DES-water-insoluble portion yield (%) = (amount of DES-water-insoluble portion (g))/(initial amount of glucose (g)) (4)

Results and discussion

Preparation of ChCl/glucose DES

ChCl and glucose are both colorless solids at room temperature. When these compounds were combined in their powdered forms under ambient conditions, the mixture predictably remained a colorless solid. Upon heating within a specified temperature range (80–130 °C), the ChCl and glucose mixture transitioned through six distinct states, contingent upon the molar ratio of the two compounds and the applied heating temperature. These states are depicted in Fig. 1 and encompass: (a) no change, where the mixture retains its white powdered form, (b) partial liquefaction, (c) a liquid phase with residual solid particles, (d) a colorless transparent liquid, (e) a brown transparent liquid, and (f) a brown solid.
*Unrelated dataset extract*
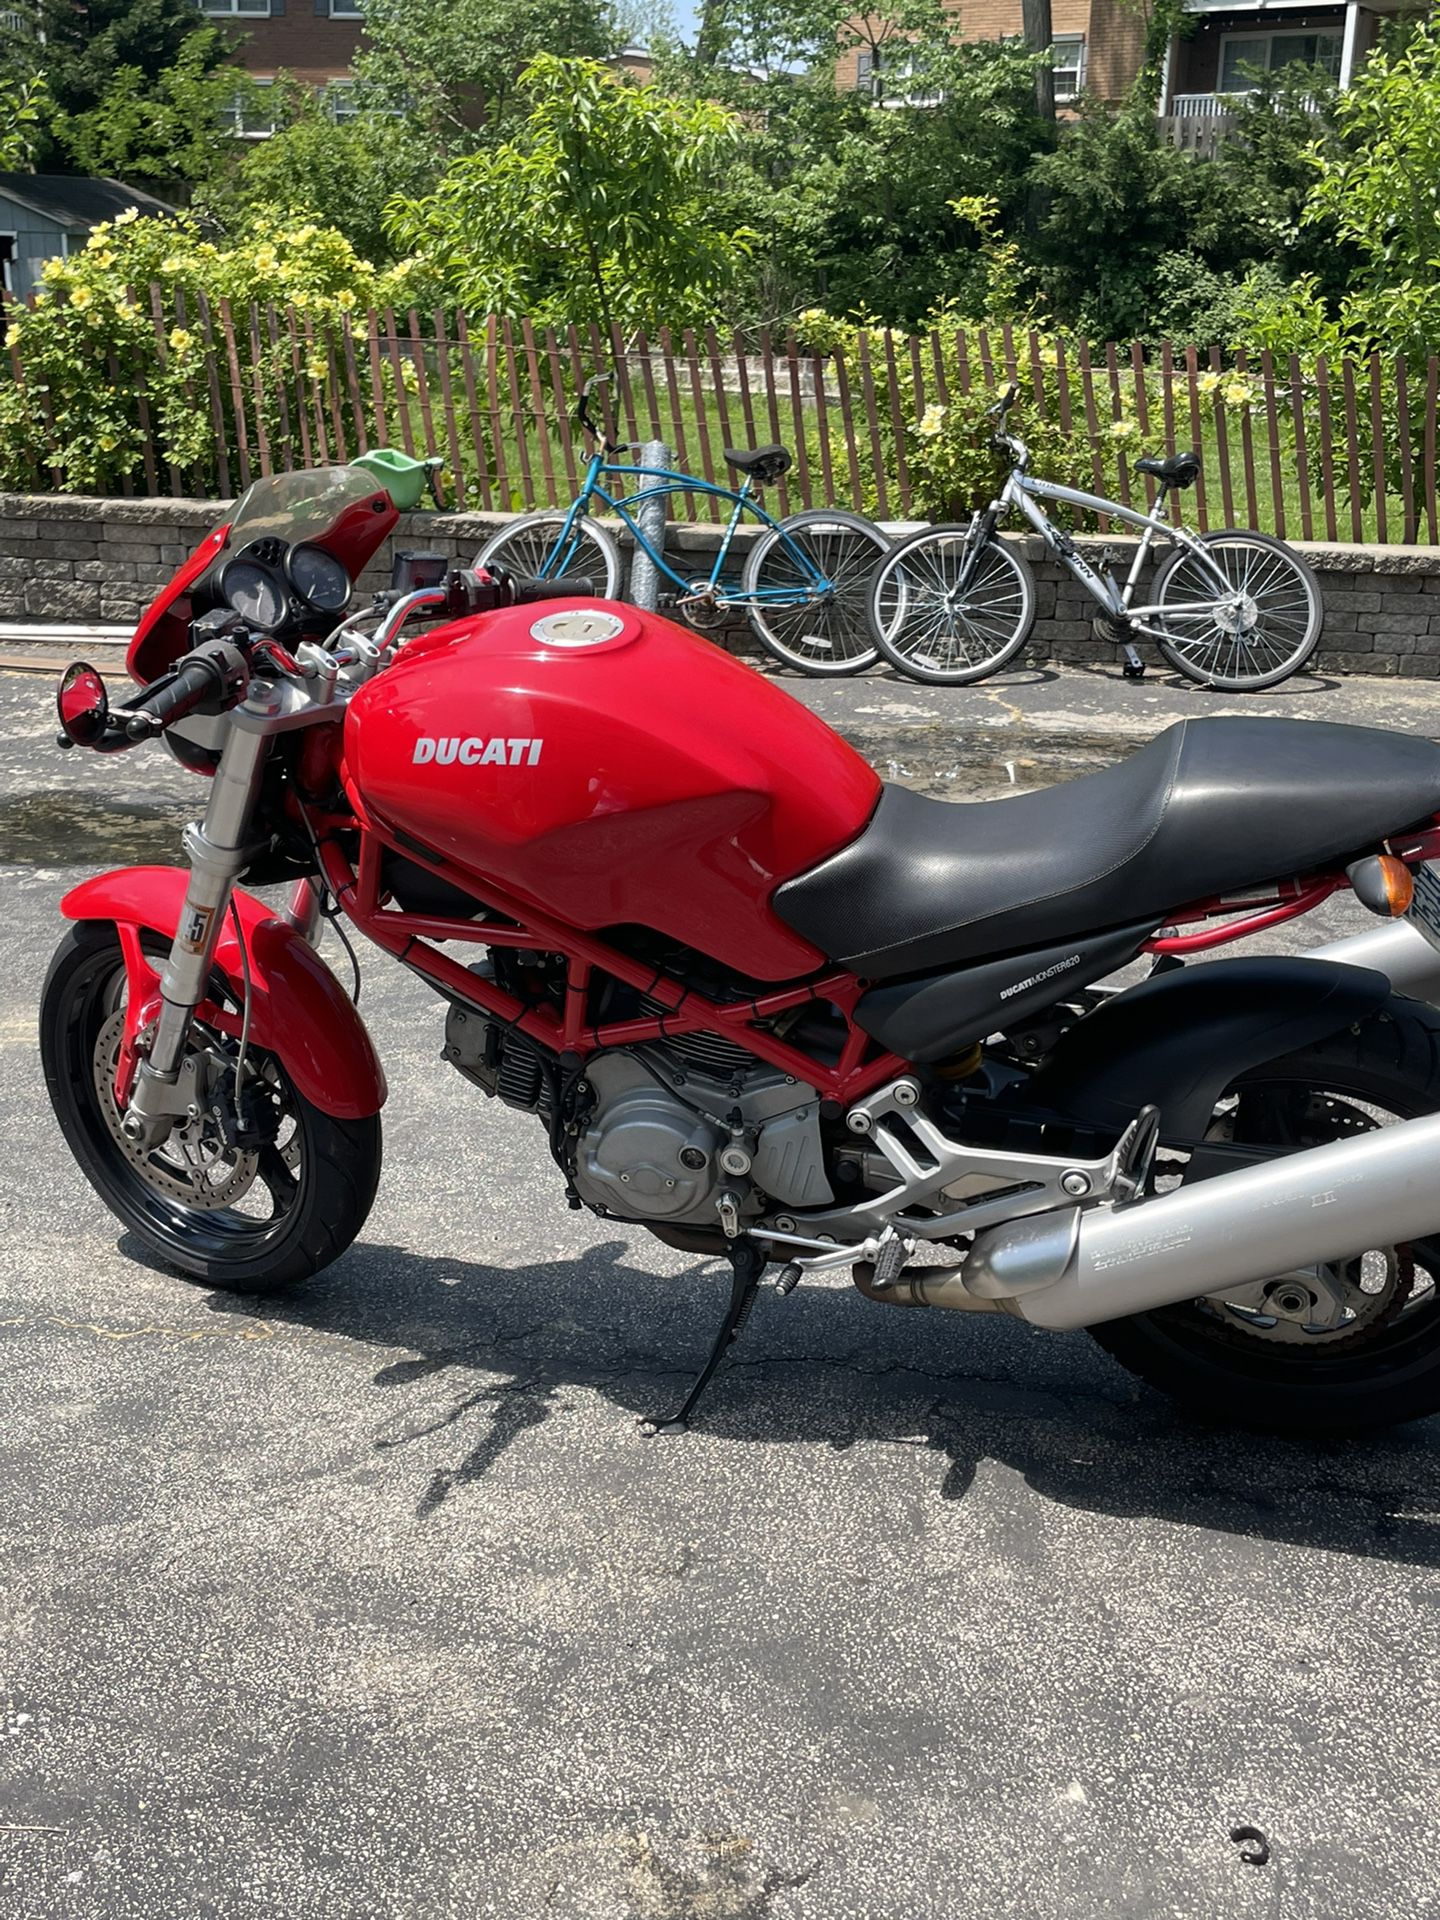 Ducati Monster 620 red

For clarity, these states have been classified as solid, partly liquid, partly solid, liquid, liquid (brown), and solid (brown), respectively.
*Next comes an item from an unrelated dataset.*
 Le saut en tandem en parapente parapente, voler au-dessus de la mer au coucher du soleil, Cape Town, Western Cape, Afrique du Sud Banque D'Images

Fig. 1 The pictures of ChCl and glucose mixture after heating at various temperature. (a) Solid: no change, where the mixture retains its white powdered form, (b) partly liquid: partial liquefaction, (c) partly solid: a liquid phase with residual solid particles, (d) liquid: a colorless transparent liquid, (e) liquid (brown): a brown transparent liquid, and (f) solid (brown): a brown solid.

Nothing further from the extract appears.